Every record below is to be restated word for word, and no picture is to be copied.

** Opening Raw data block **

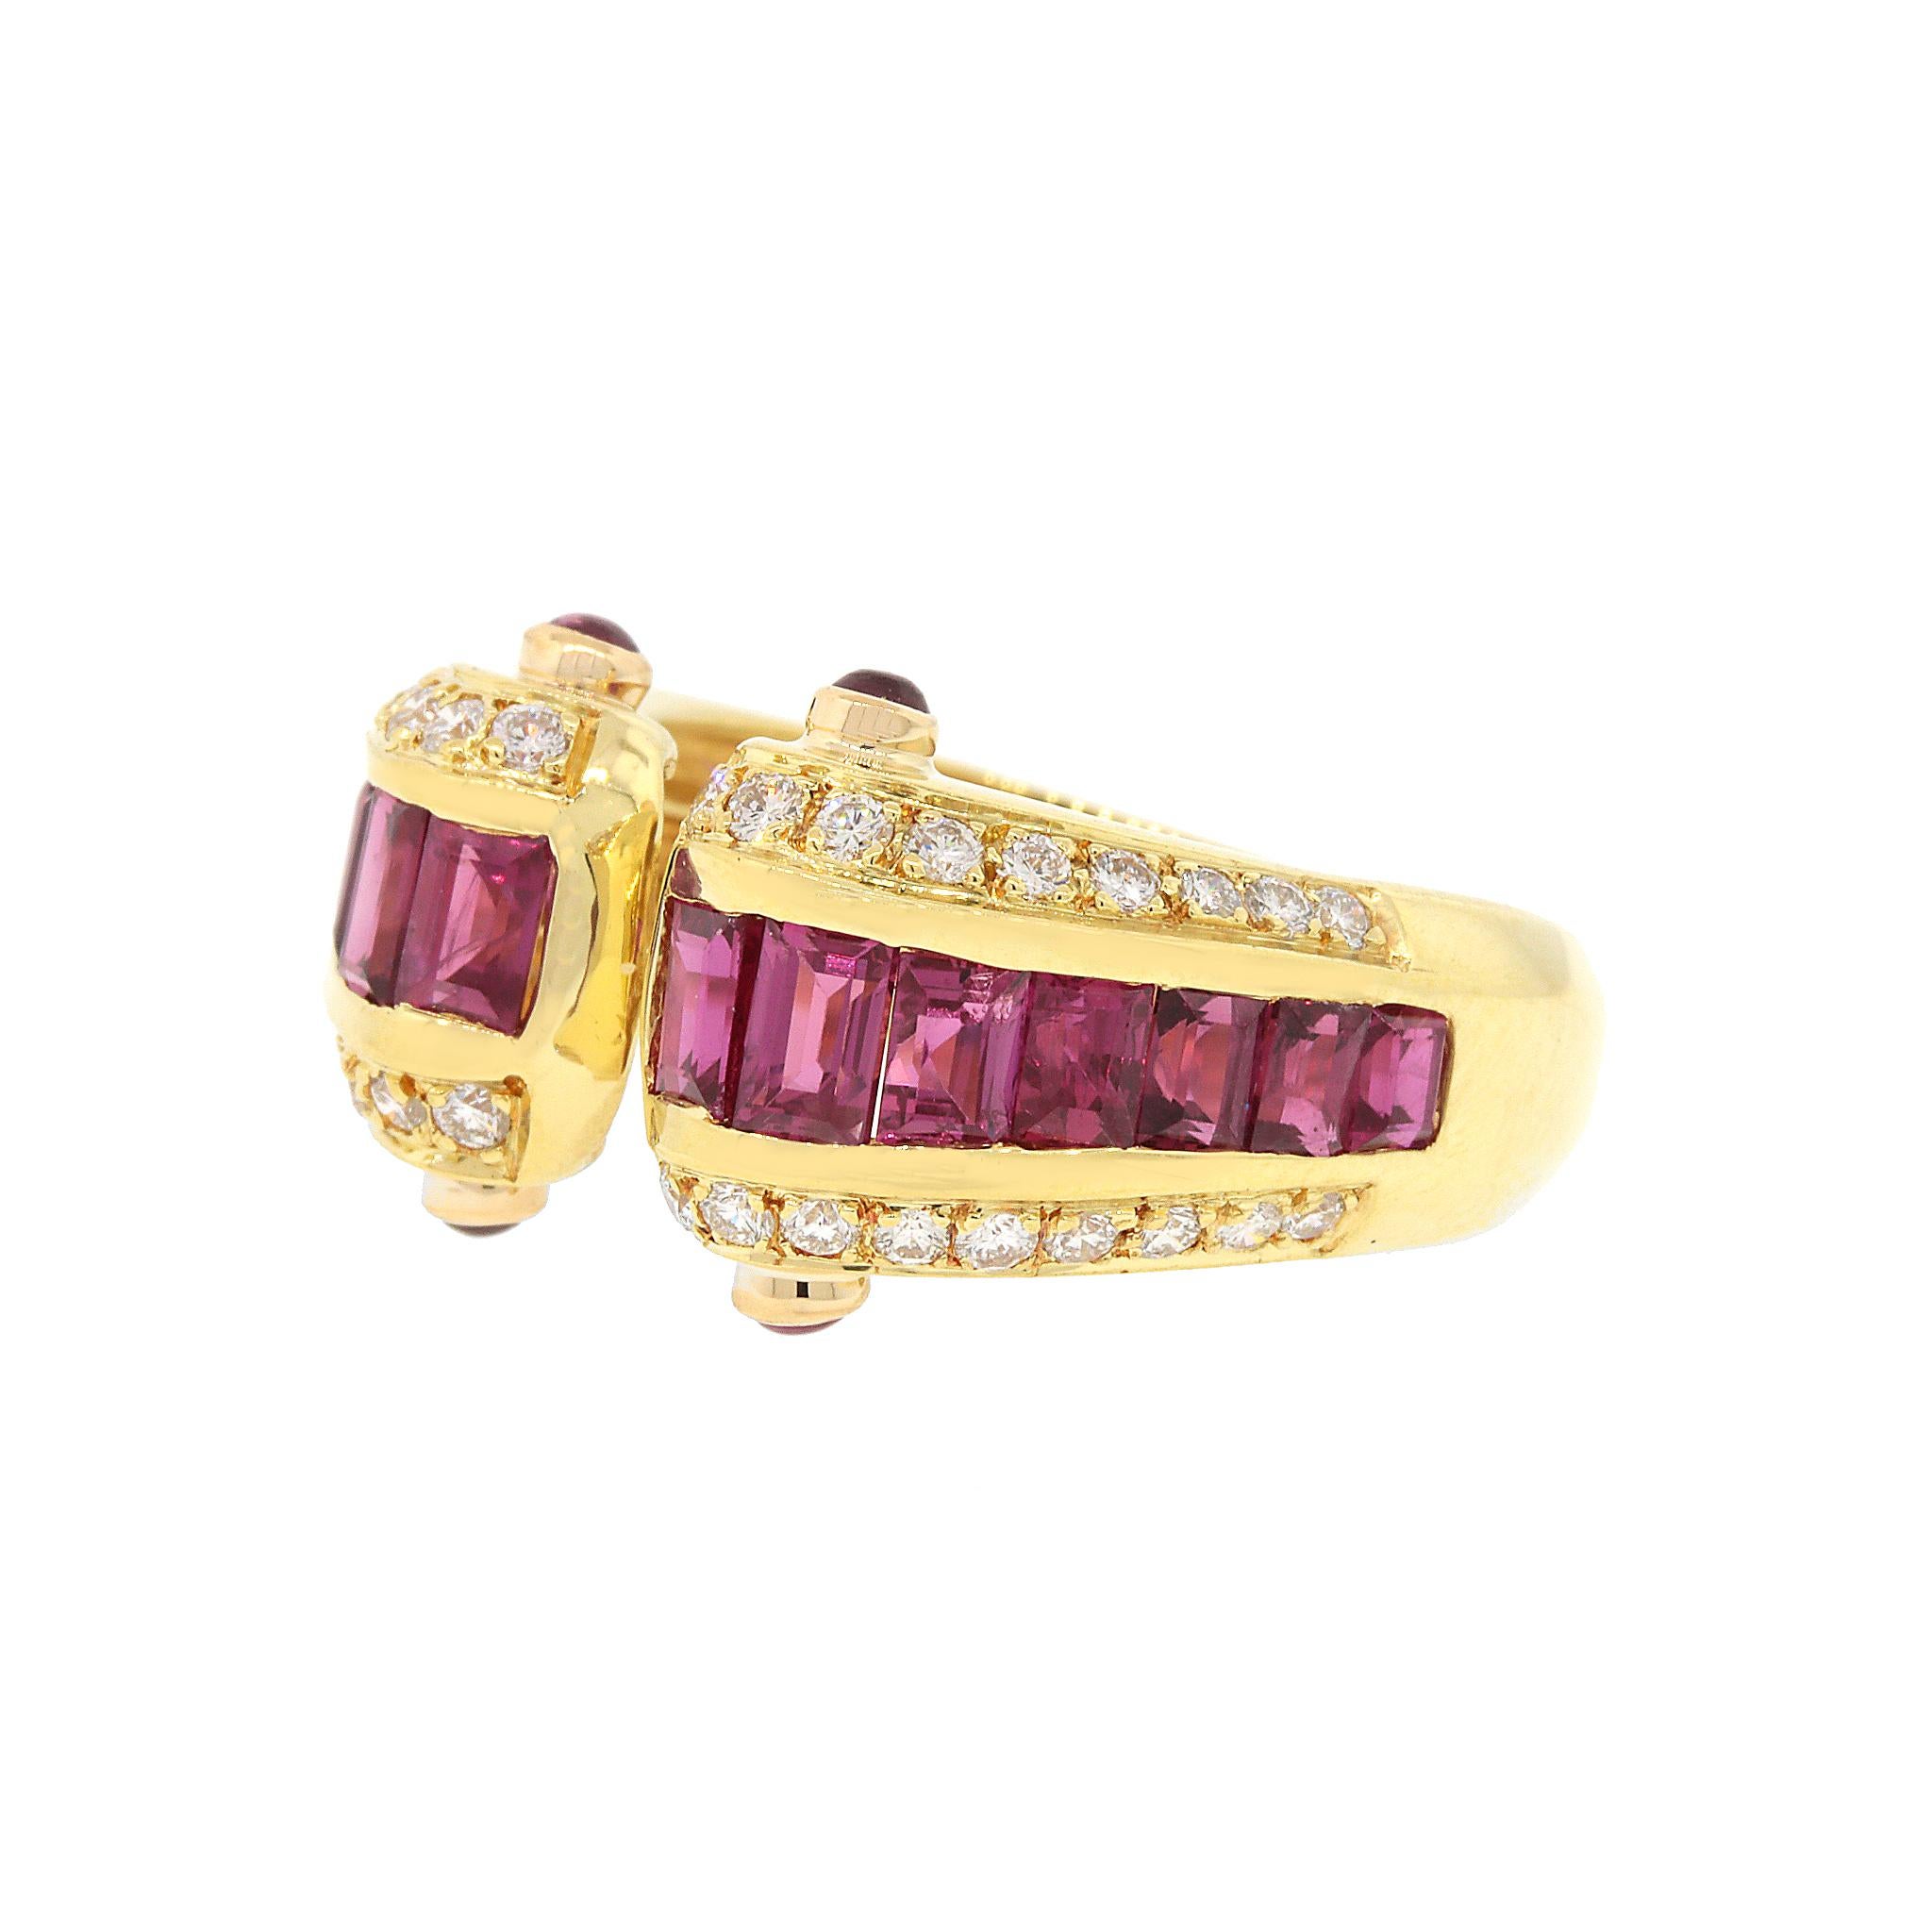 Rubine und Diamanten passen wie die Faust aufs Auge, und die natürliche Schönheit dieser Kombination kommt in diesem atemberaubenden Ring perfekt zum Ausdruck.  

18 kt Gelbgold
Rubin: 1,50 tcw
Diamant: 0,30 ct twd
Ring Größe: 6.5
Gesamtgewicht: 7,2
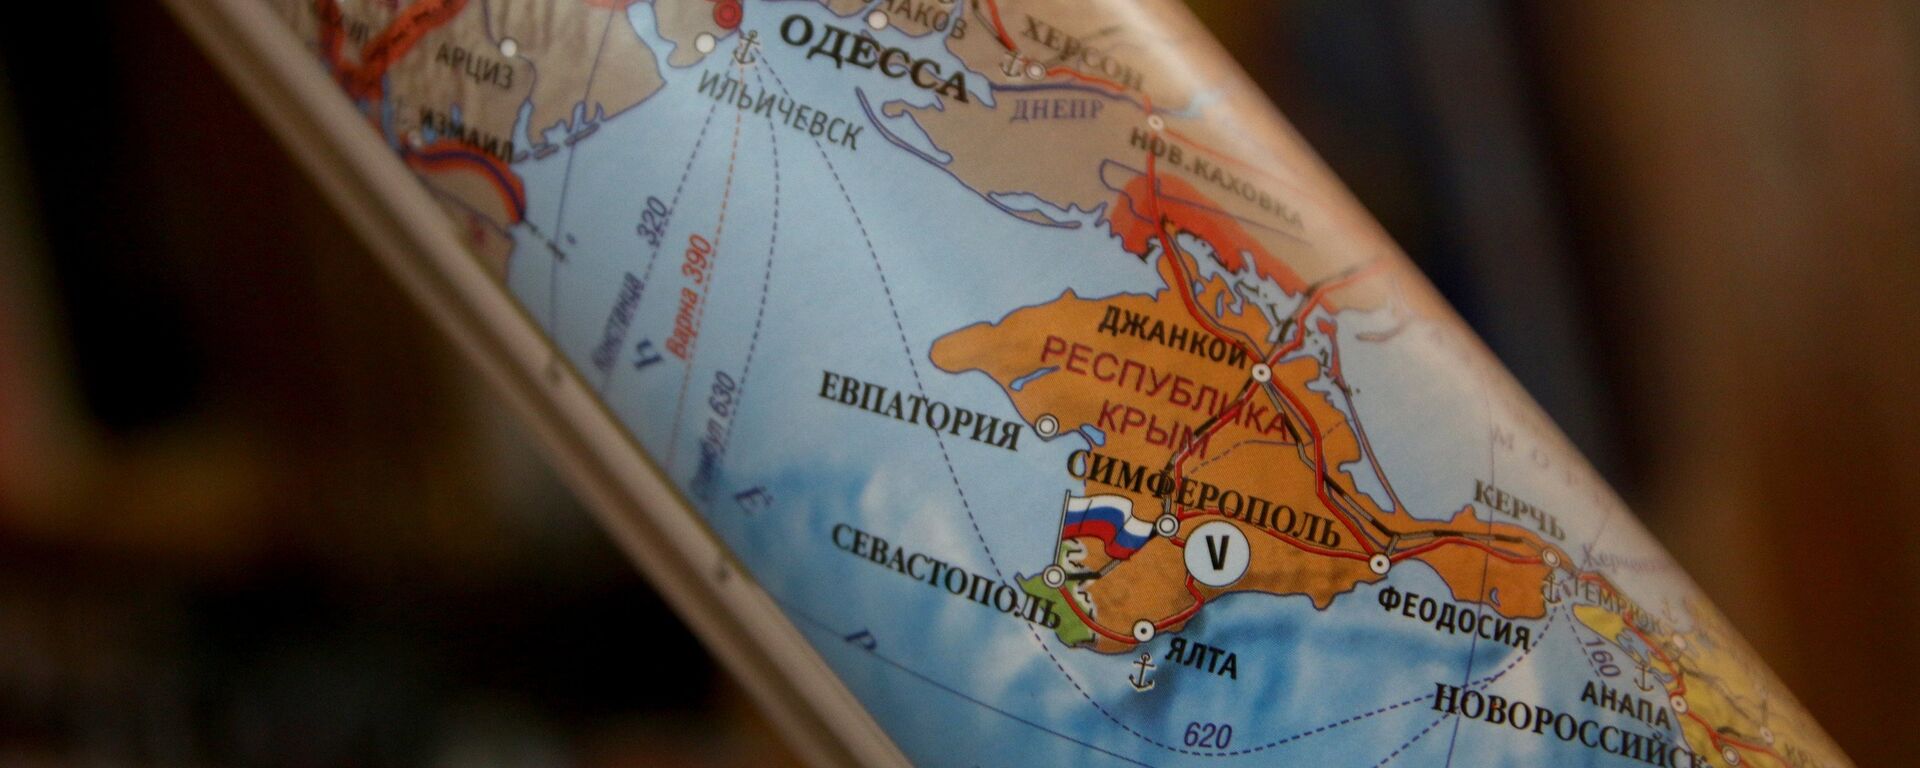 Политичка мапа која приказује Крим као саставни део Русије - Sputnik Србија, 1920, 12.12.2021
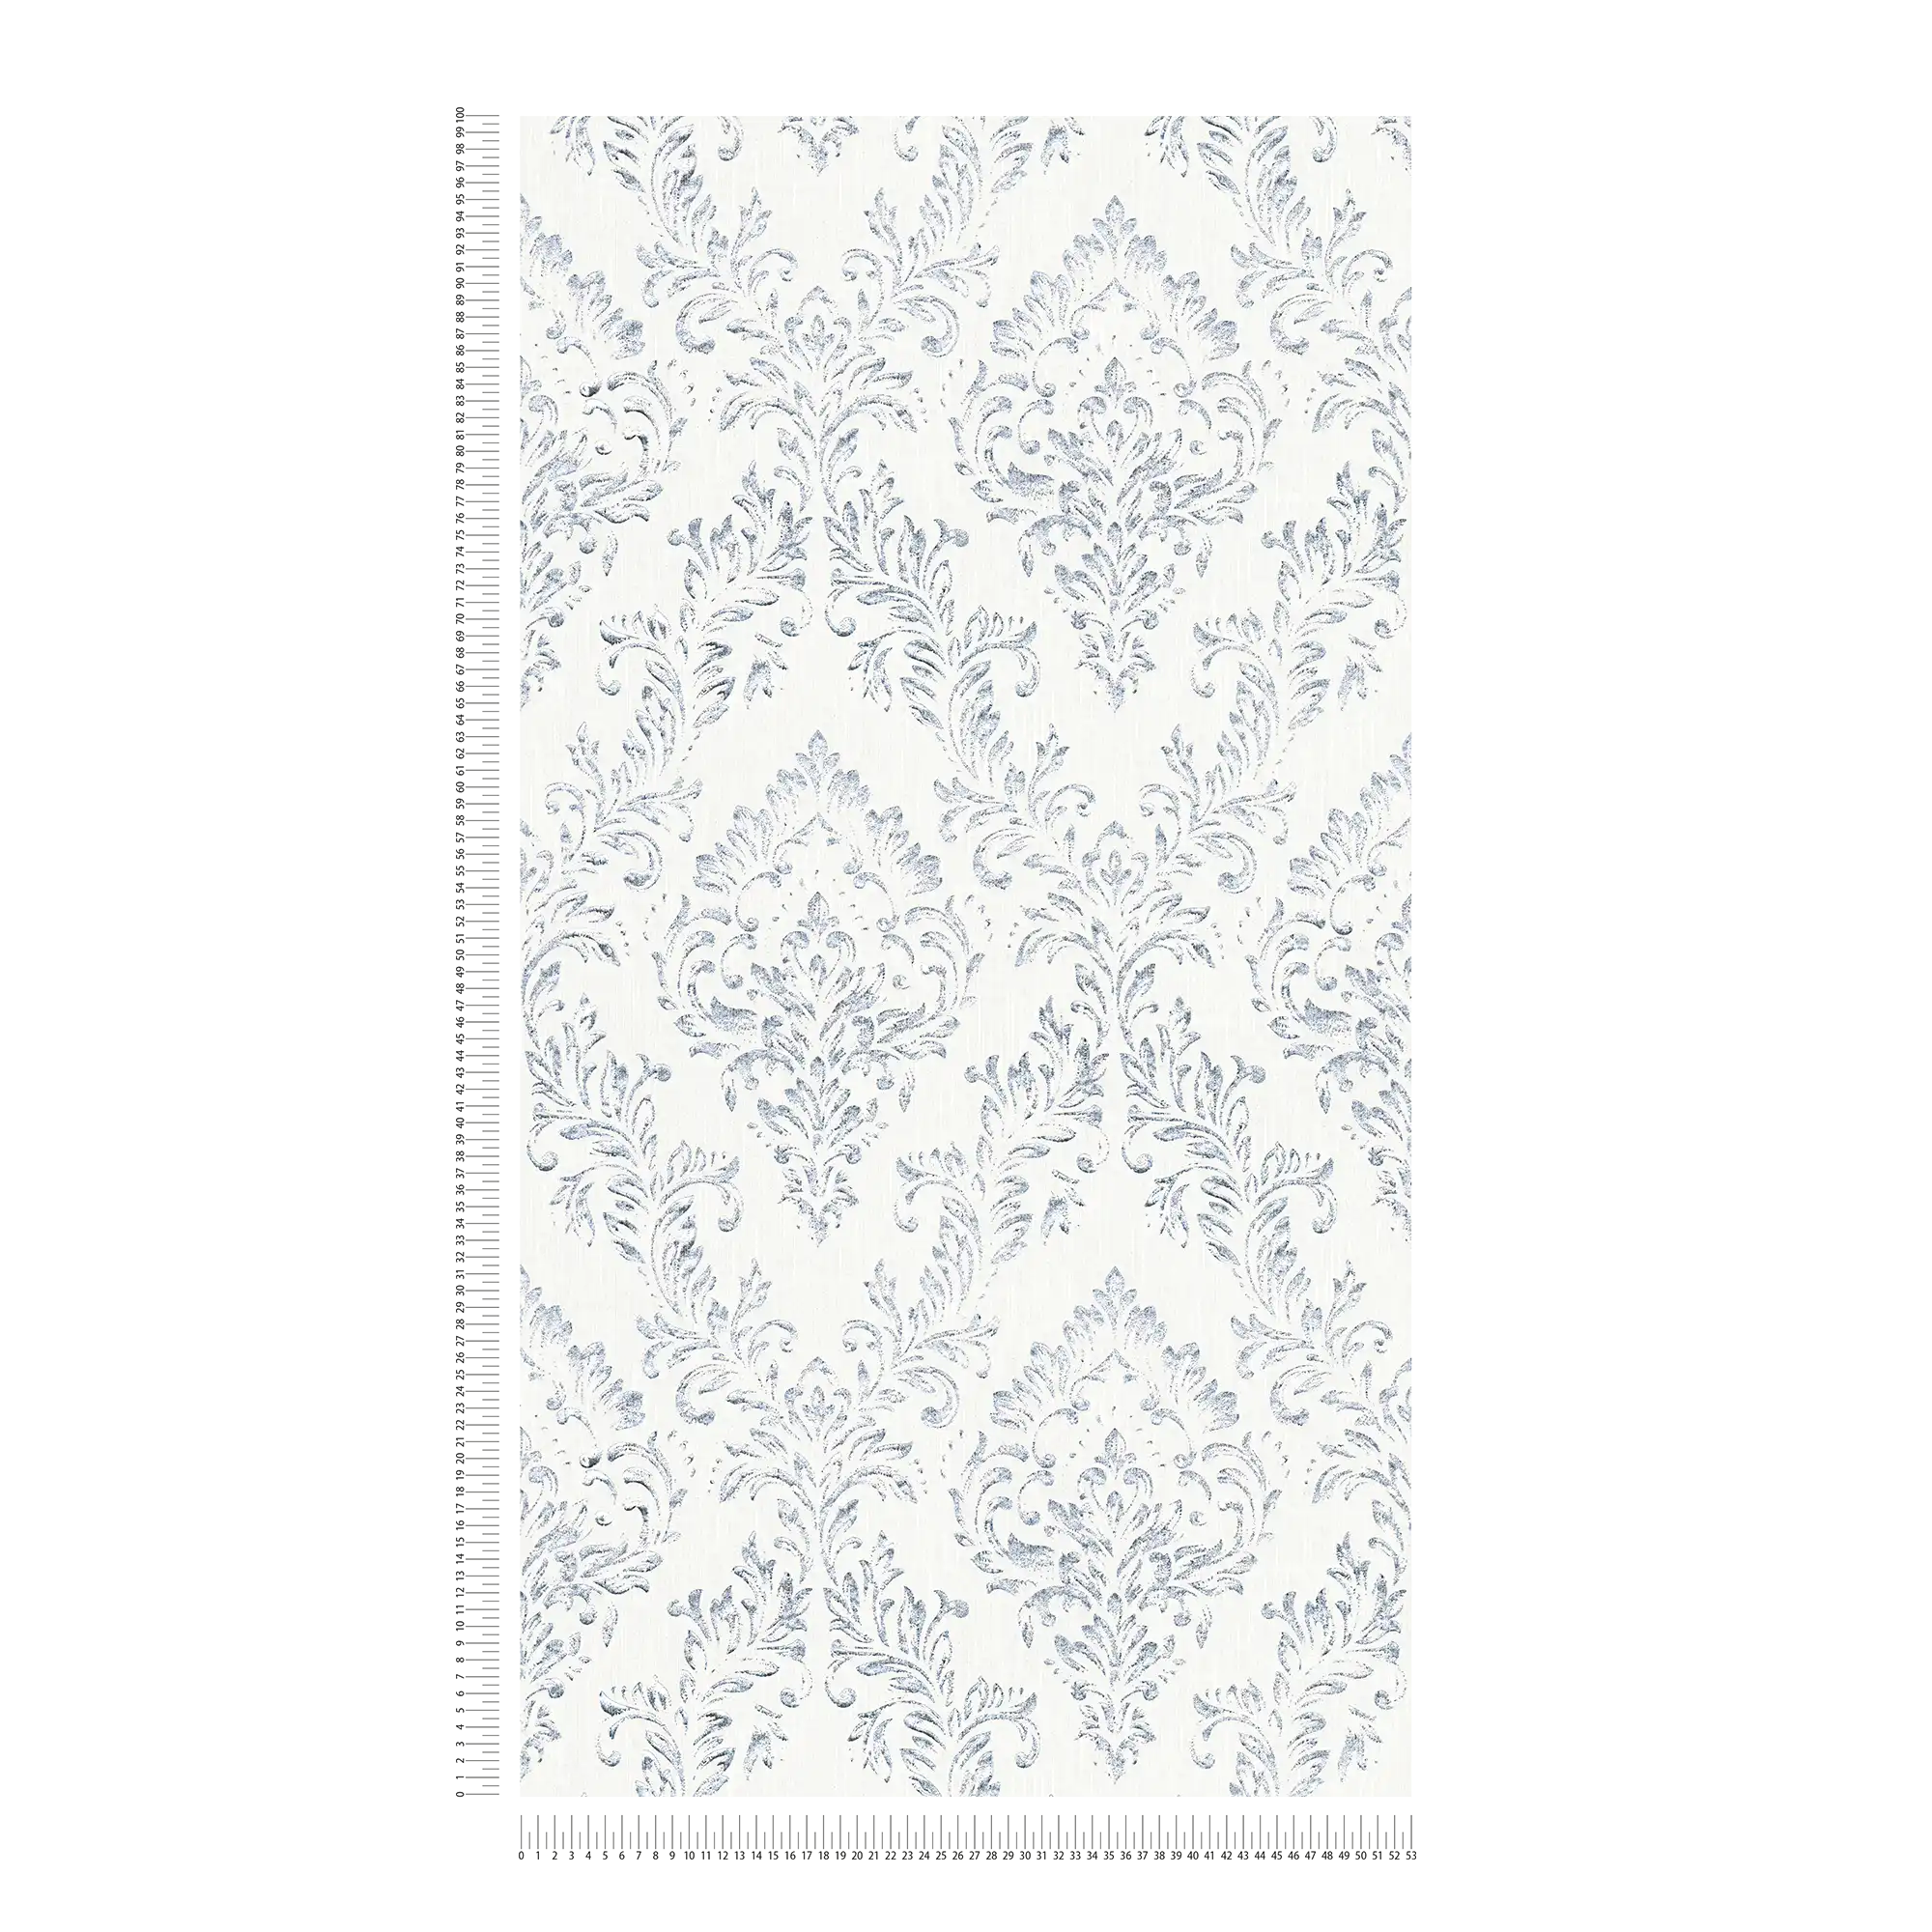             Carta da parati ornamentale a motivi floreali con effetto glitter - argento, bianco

** Closing Raw data block **

> **Solution**
 Rubine und Diamanten passen wie die Faust aufs Auge, und die natürliche Schönheit dieser Kombination kommt in diesem atemberaubenden Ring perfekt zum Ausdruck.  

18 kt Gelbgold
Rubin: 1,50 tcw
Diamant: 0,30 ct twd
Ring Größe: 6.5
Gesamtgewicht: 7,2
 Политичка мапа која приказује Крим као саставни део Русије - Sputnik Србија, 1920, 12.12.2021
             Carta da parati ornamentale a motivi floreali con effetto glitter - argento, bianco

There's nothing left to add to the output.